Amazon.com: Keynes Hayek: The Clash that Defined Modern Economics eBook: Wapshott, Nicholas: Kindle Store

https://www.amazon.com/Keynes-Hayek-Defined-Modern-Economics-ebook/dp/B005LW5K6G/ref=sr_1_2?crid=202BVJKASAO9L&dchild=1&keywords=keynes+hayek+the+clash+that+defined+modern+economics&qid=1625904537&sprefix=Keynes+Hayek%2Caps%2C216&sr=8-2

by 
Nicholas Wapshott

I liked this book on two of the most influential economists of the Twentieth Century. Wapshott is an engaging writer who can combine personal portraits with clear explanations of the underlying issues. Keynes was likely the most influential economist of the Century, and his intellectual brilliance intimidated even mega-minds like Bertrand Russell and Wittgenstein.

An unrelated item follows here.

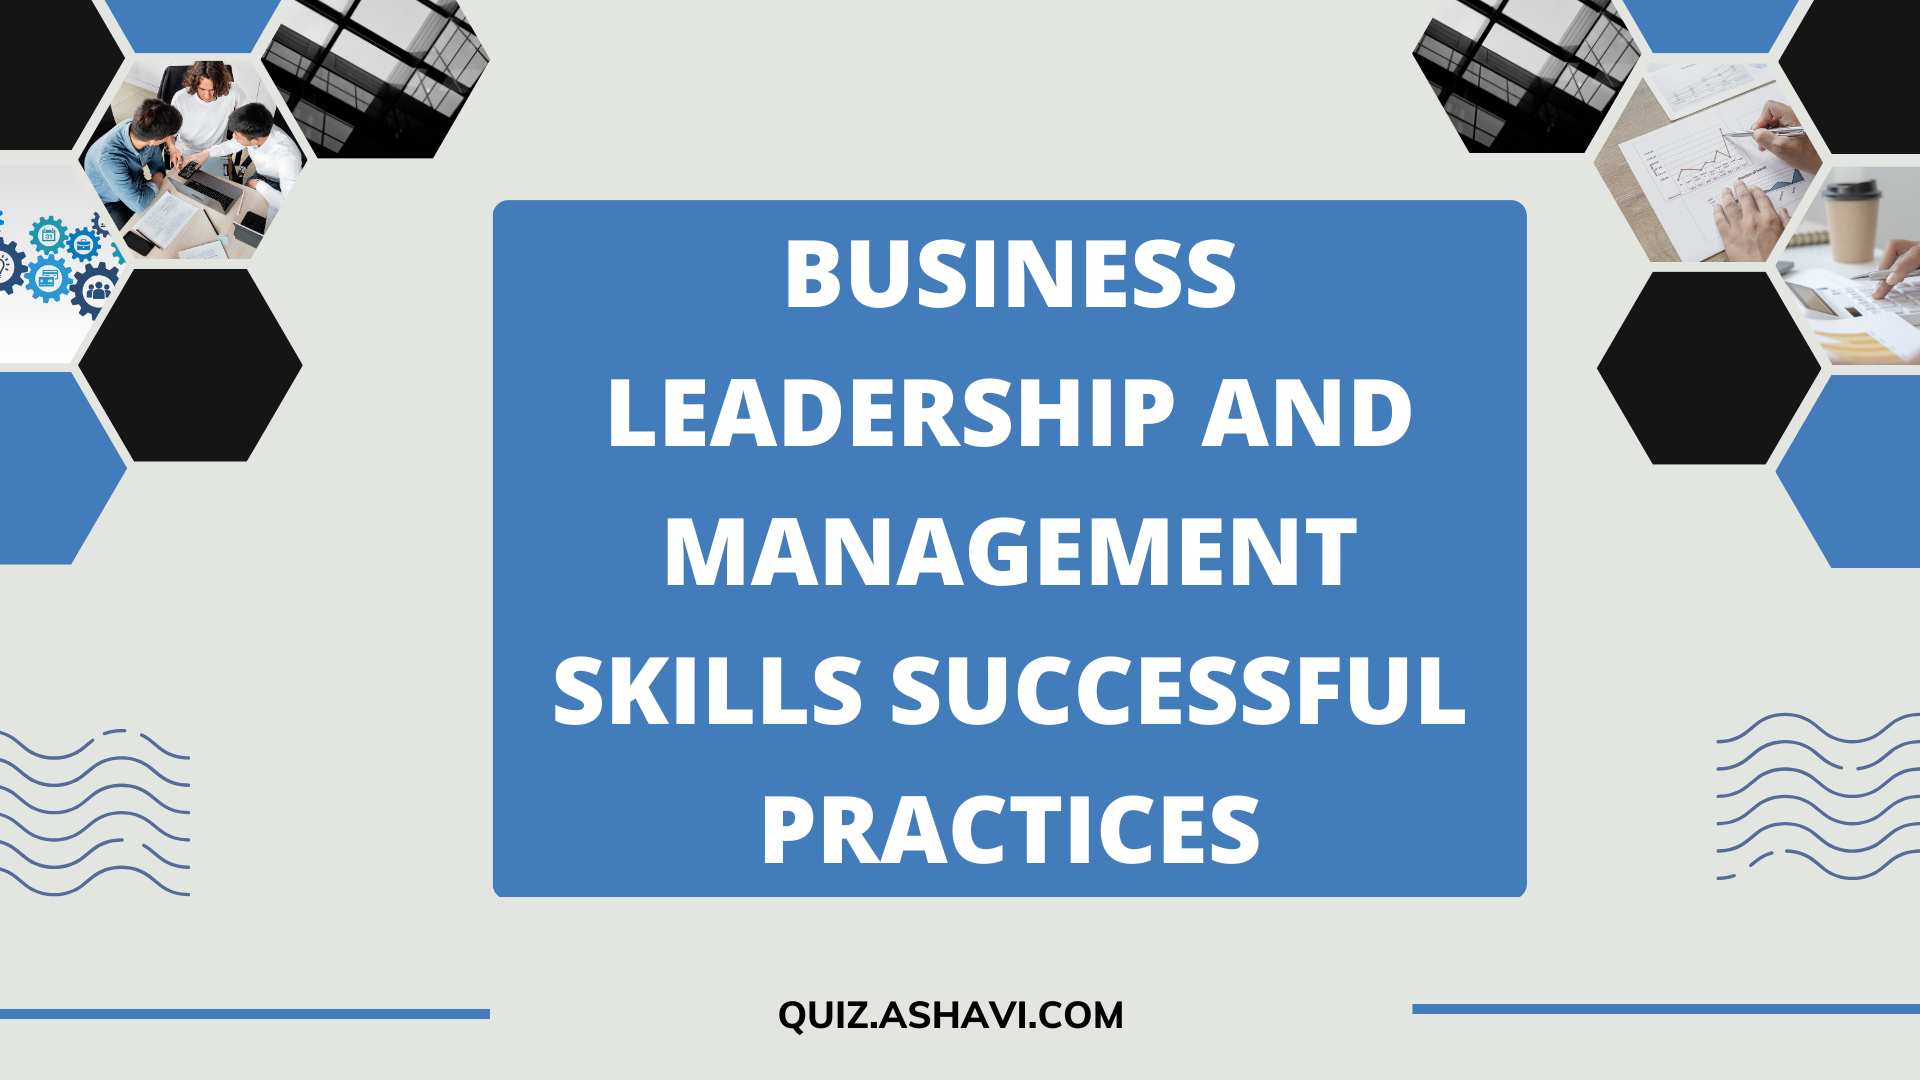 Business Leadership and Management Skills Successful Practices

He was at the negotiations over the end of the First World War and correctly predicted that its disastrous provisions would lead to another War in his article The Economic Consequences of Peace. His role as a Cassandra was further cemented by his prediction of the disastrous attempt of Britain to return to the gold standard. The Great Depression which started in 1929 led to his radical prescription for a cure: massive deficit spending to stimulate demand. This attracted the attention of many young economists working for Roosevelt, and small scale effort were modestly successful until FDR’s natural timidity led him to pull the plug and plunge the US into another sharp recession.

Meanwhile, in Germany, Hitler’s massive military buildup and road building provided a kind of military Keynesianism that produced a strong recovery.

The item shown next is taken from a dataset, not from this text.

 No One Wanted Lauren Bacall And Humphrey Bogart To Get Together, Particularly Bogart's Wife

Back in England, Hayek, who had fought for Austria in the First War, had presided over the classical economic resistance to Keynes, strongly opposed to stimulus and waving the flag of Austrian Economics.

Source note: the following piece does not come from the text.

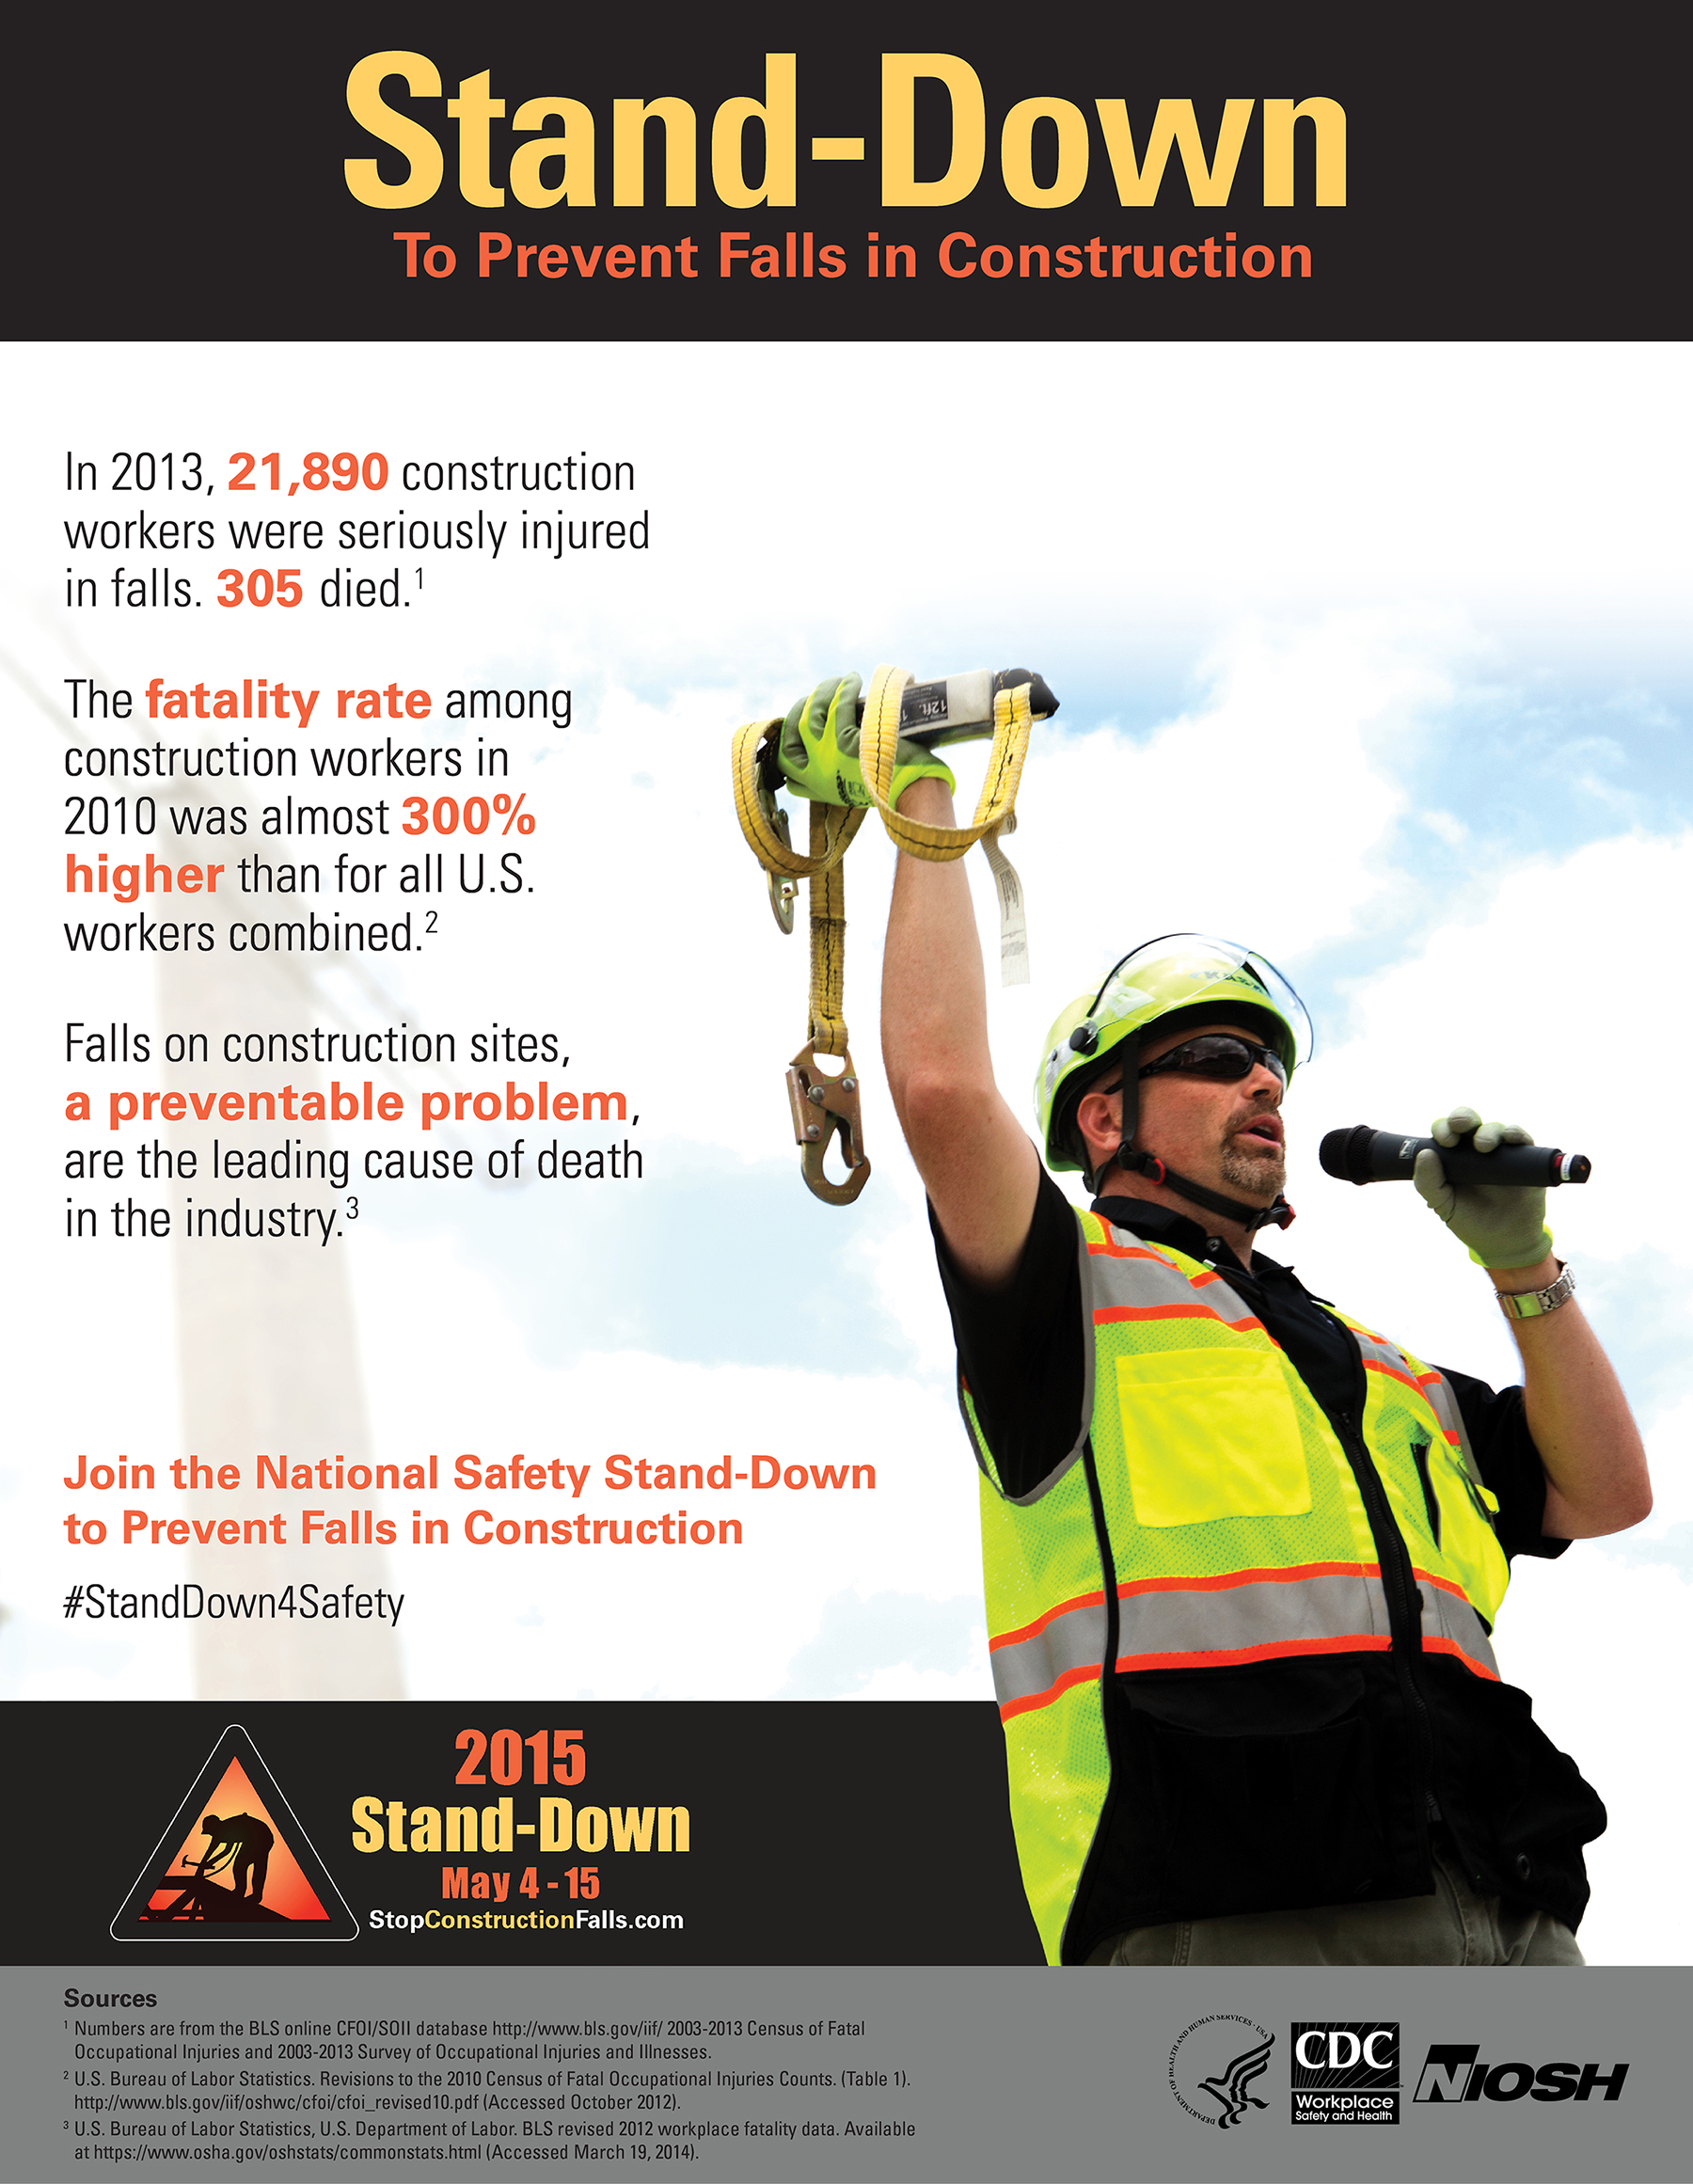 The StandDown Is On! Join the National Safety Standdown to Prevent

After the Second War, Keynes died, and, in Hayek’s words, “became a saint.” His prescriptions were enthusiastically applied (and over applied) and producing a two and one half decades of unprecedented prosperity. The excesses eventually triggered strong inflation (again as Keynes had predicted) and the dreaded stagflation of inflation and unemployment.

After the War, Hayek had produced his most successful publication, a long pamphlet or short book called The Road to Serfdom. Its message was that government intervention in the economy inevitably led to the kind of tyranny of Nazi Germany, Fascist Italy, or The Soviet Union. Hence laissez faire capitalism must be allowed to work its magic.

This became the battle cry of the reaction, and the motto of Reagan and Thatcher. Thatcher in particular, aggressively deconstructed British socialism. Reagan talked Hayek, but ran his own military Keynesian buildup. Meanwhile, brutal austerity managed to squeeze out inflation, at the cost of high unemployment. Hayek’s ideas were triumphant, though unemployment remained high. Hayek even got the New Economics Nobel, even though even his followers, like Milton Friedman, found his economics writings unintelligible.

Self-regulating capitalism came crashing down in The Great Recession of 2007–2008, and Keynesianism suddenly became respectable again. Even Robert Lucas, high priest of the anti-Keynesian school of Chicago said “We are all Keynesians in the foxhole.”

Hayek’s most important influence was his critique of socialism and economic planning by governments.  Nonetheless, his specific economic works are criticized even by his supporters.  Milton Friedman, perhaps his most influential follower, found his economic works incomprehensible and incoherent.  He was not a pure libertarian, and believed universal government mandated health care and some other social welfare measures.  His legacy is tainted by racist statements and some bad personal behavior.

 

Keynes, like Hayek, was a capitalist, but he believed that a smooth functioning economy sometimes required large-scale government intervention.  He was a scientist, not an ideologue, and frequently changed his mind in response to circumstances and his own evolving understanding.